Finally, all these variables are moved into the previously created dataframe.
for (i in 2:(nrow(locations) - 1)) {
row <- str_sub(txt2, locations[i,2] + 1, locations[i+1,1] - 1)
name <- trimws(str_match(row, '[0-9] \\| (.*?) \\|[0-9]')[,2])
state <- str_match(row, ' ([A-Z]{2}) \\| [0-9]')[,2]
total_pts <- str_match(row, '\\|([0-9]\\.[0-9]) \\|')[,2]
pre_rating <- str_match(row, 'R:( | )([0-9]+|[0-9]+P[0-9])')[,3]
for (j in 1:7) {
assign(paste0('oppnt', j),
str_match(row, paste0('(\\|[A-Z]\\s+( |[0-9]+)){',j,'}'))[,3])
}
df[i-1, ] <- c(name, state, total_pts, pre_rating, oppnt1,
oppnt2, oppnt3, oppnt4, oppnt5, oppnt6, oppnt7)
}
We still have one final variable to capture: Average Pre-Rating of Opponents. First, we convert the opponent player IDs to integers, so they can be used for indexing. Next, we loop through each row to calculate the average of all opponent player ratings, using the following steps.
for (i in colnames(df)[4:11]) {
df[,i] <- as.integer(df[,i])
}
for (i in 1:nrow(df)) {
oppnts <- df[i,5:11]
ratings <- c()
for (j in 1:length(oppnts)) {
if (!is.na(oppnts[[j]])) {
ratings <- c(ratings, df[oppnts[[j]], 'pre_rating'])
}
}
avg_oppnt_rtg <- mean(ratings)
df[i, 'avg_oppnt_rtg'] <- avg_oppnt_rtg
}
The resulting dataframe is previewed below, and exported to .CSV.
head(df)
## name state total_pts pre_rating oppnt1 oppnt2 oppnt3 oppnt4
## 1 GARY HUA ON 6.0 1794 39 21 18 14
## 2 DAKSHESH DARURI MI 6.0 1553 63 58 4 17
## 3 ADITYA BAJAJ MI 6.0 1384 8 61 25 21
## 4 PATRICK H SCHILLING MI 5.5 1716 23 28 2 26
## 5 HANSHI ZUO MI 5.5 1655 45 37 12 13
## 6 HANSEN SONG OH 5.0 1686 34 29 11 35
## oppnt5 oppnt6 oppnt7 avg_oppnt_rtg
## 1 7 12 4 1605.286
## 2 16 20 7 1469.286
## 3 11 13 12 1563.571
## 4 5 19 1 1573.571
## 5 4 14 17 1500.857
## 6 10 27 21 1518.714
write_csv(df, 'output/proj1_chessRatings.csv')

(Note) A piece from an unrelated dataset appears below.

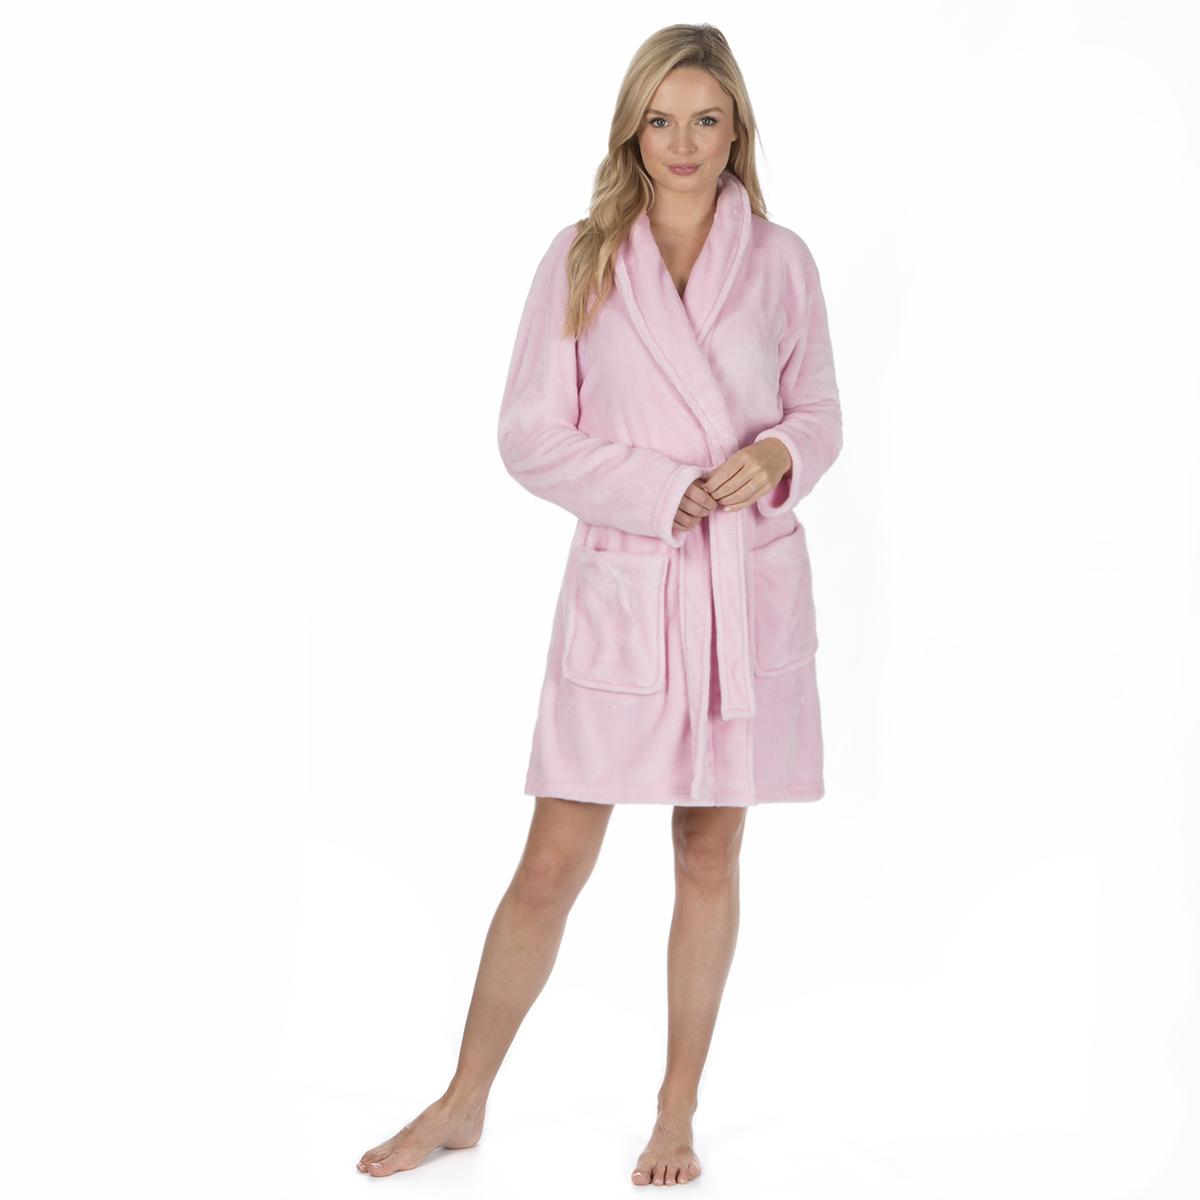 LADIES LUXURY SOFT COSY WARM VELOUR SHORT DRESSING GOWN BATH ROBE ...

I’ve constructed four plots below to assess the relationship between players’ ratings and their performance. Performance is measured in all cases by ‘Total Points’ they obtained during the tournament. The plots compare Total Points to (i) pre-rating, (ii) the difference between pre-rating and average opponent pre-rating, (iii) the sum of differences between pre-rating and each opponent’s pre-rating, and (iv) the number of matches in which they had a higher pre-rating than their opponent.

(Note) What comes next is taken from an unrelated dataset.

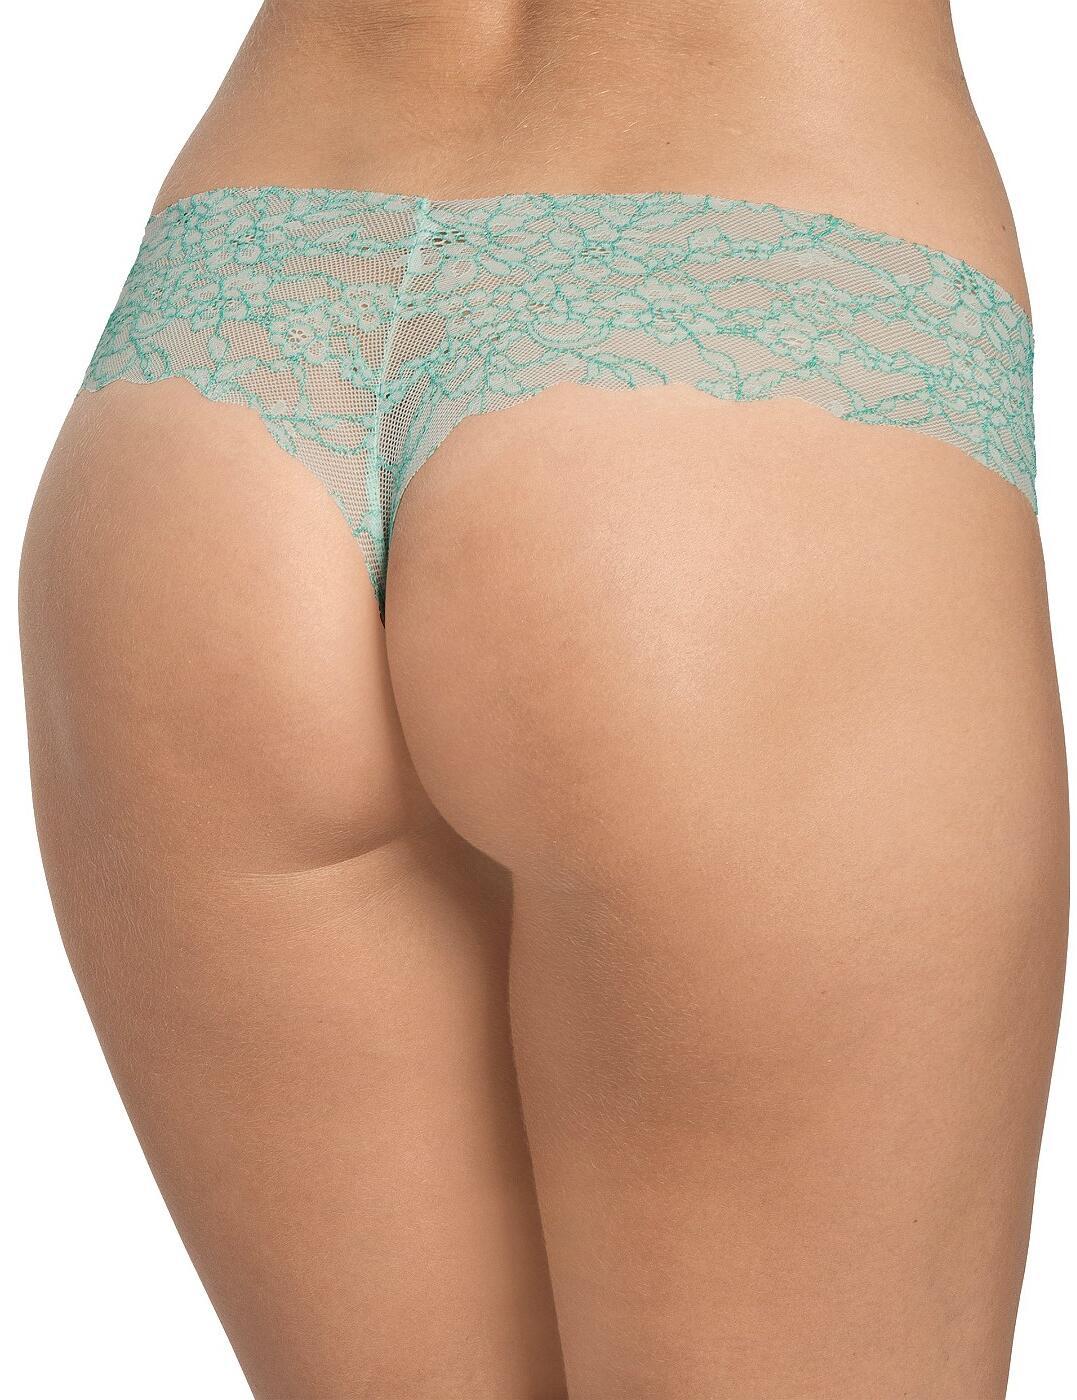 Sloggi Light Lace 10144012 2.0 Brazil Panty New Womens Brief Knickers

Unfortunately, none of these views provide evidence of a very clear relationship. All tend to point to a positive relationship between pre-rating and performance, as one might expect. But there appears to be a lot of noise in each plot, indicating that these relationships are not very strong.
ggplot(df, aes(x = pre_rating, y = total_pts)) +
geom_point()
df <- df %>%
mutate(avg_rating_diff = pre_rating - avg_oppnt_rtg)
ggplot(df, aes(x = avg_rating_diff, y = total_pts)) +
geom_point()
for (i in 1:nrow(df)) {
oppnts <- df[i,5:11]
ratings <- c()
for (j in 1:length(oppnts)) {
if (!is.na(oppnts[[j]])) {
ratings <- c(ratings, df[oppnts[[j]], 'pre_rating'])
}
}
ratings_compare <- df[i,'pre_rating'] - ratings
df[i, 'ratings_advantage'] <- sum(ratings_compare)
df[i, 'advantaged_matches'] <- length(ratings_compare[ratings_compare>0])
}
ggplot(df, aes(x = ratings_advantage, y = total_pts)) +
geom_point()
ggplot(df, aes(x = advantaged_matches, y = total_pts)) +
geom_point()